02/05/2025
Entre Agneaux et Chamois hier, deux jours en ski dans le massif !
Au sortir d’une piste chaotique (le fond de la gravière) comme tremplin vers les cimes, une pause à Chamoissière, refuge du soir mais il est encore tôt, l’objectif est homonyme et se dresse à portée de spatules une fois les peaux collées, neige printanière, ascension rondement tracée en fractionné par le véloce à ski, gardien des lieues parcourues à vive allure.
Le come back and down au refuge est à la hauteur, comité restreint, chambre cosy et chalheureuse, ça turbine fort à Chamoissiére et la cuisine éthique nous rassasie avant le sommeil.

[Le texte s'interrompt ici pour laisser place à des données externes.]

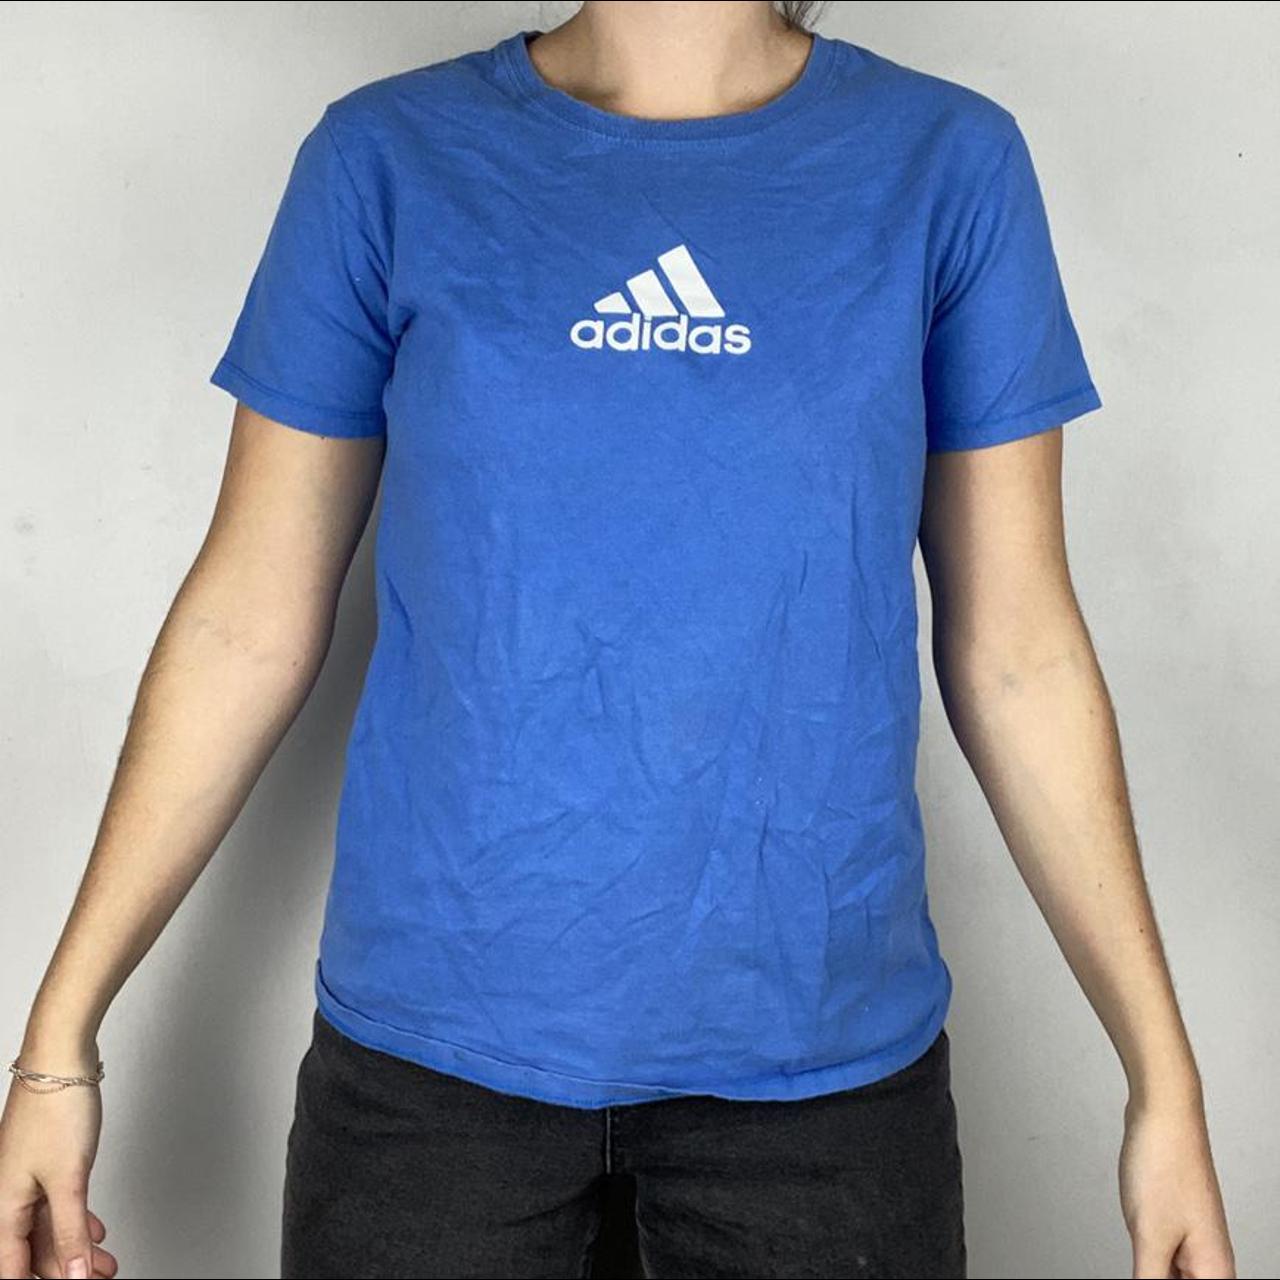 Product Image 2 - Adidas Tee💙
This adorable Adidas T-shirt

5 heures du mat, pas eu de frisson, je monte au salon, pendant que Retailleau nous désespère, je reprends un dernier verre de jus d’orange, chacun fait ce qui lui plaît alors je me sauve dans le matin clair, 2 lagopèdes plus franchement blanc de quoi désespérer Bolloré croisent ma trace direction les Agneaux blancs en ces vacances pascales de quoi réjouir Bolloré du culte.
Ici ça ne trumpe pas, tout est nature et les peaux affleurent la neige, pas de tapage nocturne, on fait camembert, juste un bruit doux, celui des Pomoca, les miennes sont vertes mais y’a pas de race n’en déplaise à Racepoutine. Ascencion en petit comité, les gardiens du temple sont de sortie, le soleil au zénith je ressuscite, snown and sun, mes courbes s’incurvent dans le blanc manteau immaculé, retour sur le plancher des vaches au milieu des marmottes, gentianes et anémones de Cooper, l’instant est bucolique, on pourrait se croire au paradis mais le doux bruit des bottes de skis sera-t-il assez fort pour empêcher que ça botte dans cet écrin au pas de loi scélérate.
Sinon sortez dans le massif, les conditions sont super bonnes ! Et les refuges restent ouverts jusqu’au 11 mai !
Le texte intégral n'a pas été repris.